Research Article
Volume 7 Issue 3 - 2020
Prevalence of Helicobacter pylori Infection in Nondiabetic NAFLD and its Association in the Severity of Fibrosis
Warisara Siricharoonwong* and Rattana Boonsirichan
Division of Gastroenterology, Department of Internal Medicines, Faculty of Medicine Vajira Hospital, Navamindradhiraj University, Bangkok, Thailand
*Corresponding Author: Warisara Siricharoonwong, Division of Gastroenterology, Department of Internal Medicines, Faculty of Medicine Vajira Hospital, Navamindradhiraj University, Bangkok, Thailand.
Received: December 09, 2019; Published: February 06, 2020




Abstract

Background: Nonalcoholic fatty liver disease (NAFLD) is one of the most common causes of cirrhosis worldwide. A considerable amount of patients without DM still has NASH and advanced fibrosis. Helicobacter pylori (H. pylori) infection contribute to the increase in levels of pro-inflammatory cytokines which have different metabolic effects and associated with insulin resistance (IR). Therefore, H. pylori may possibly have an effect on fibrosis progression in NAFLD in nondiabetic patients.

Objectives: Our study aims to investigate the prevalence of H. pylori infection in non-diabetic NAFLD patient and its association in advance fibrosis.

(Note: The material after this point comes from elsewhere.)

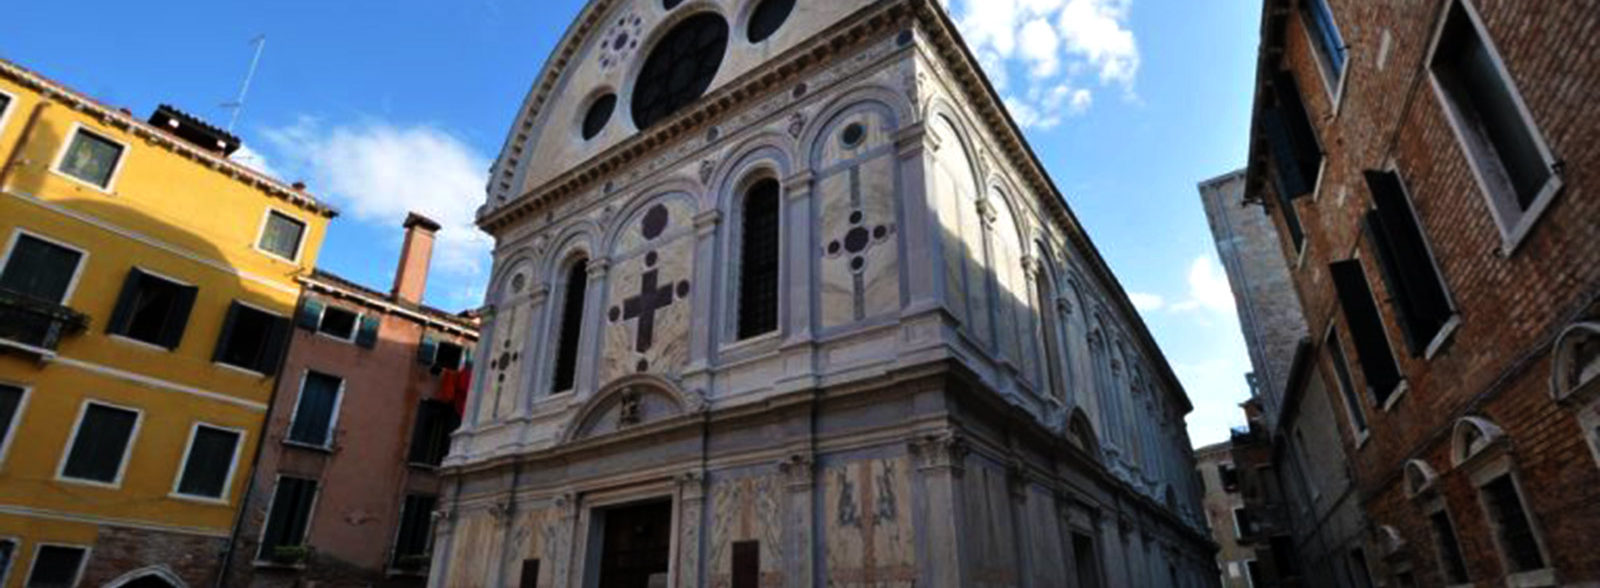 Le più belle chiese de vedere a Venezia

Method: Nondiabetic patients who were diagnosed NAFLD by abdominal ultrasonography and/or controlled attenuation parameter (CAP) from FibroScan® were recruited for H. pylori infection testing by a 14C-urea breath test. All participants were evaluated liver fibrosis with transient elastography. They were collected standard biochemical test (e.g. FPG, LDL, liver function test) and interleukin-6 to evaluate the inflammatory response. To minimized the confounding effect, we excluded patients who had BMI > 28 kg/m2 or received steatogenic drugs. The outcome was the prevalence of H. pylori infection in NAFLD patients. We also investigated factors which independently associated with advanced fibrosis.

Result: A total of 117 NAFLD patients were enrolled. We found overall H. pylori infection in 54 patients (46%). In patients with advanced fibrosis (defined as fibrosis stage ≥ 3 from transient elastography), the prevalence of advanced hepatic fibrosis in NAFLD patients with H. pylori infection is higher (22/54, 40.7%) than in non-infected group (18/63, 28.6%). Obesity was the variable most associated with advanced fibrosis (OR 3.18 [1.25 - 8.09], p-value 0.02) in univariate analysis. H. pylori infection had a marginal effect to advanced fibrosis (OR 1.72 [0.8 - 3.71], p-value 0.17) but no statistically significant in multivariate analysis. Other metabolic variables and interleukin-6 were not significantly associated with advanced fibrosis.

Conclusion: Prevalence of H. pylori infection in nondiabetic NAFLD patient similar to the general Thai population. Our results could not demonstrate the risk of H. pylori infection to advanced fibrosis. However, NAFLD patients with H. pylori infection tend to have a higher prevalence of advance hepatic fibrosis.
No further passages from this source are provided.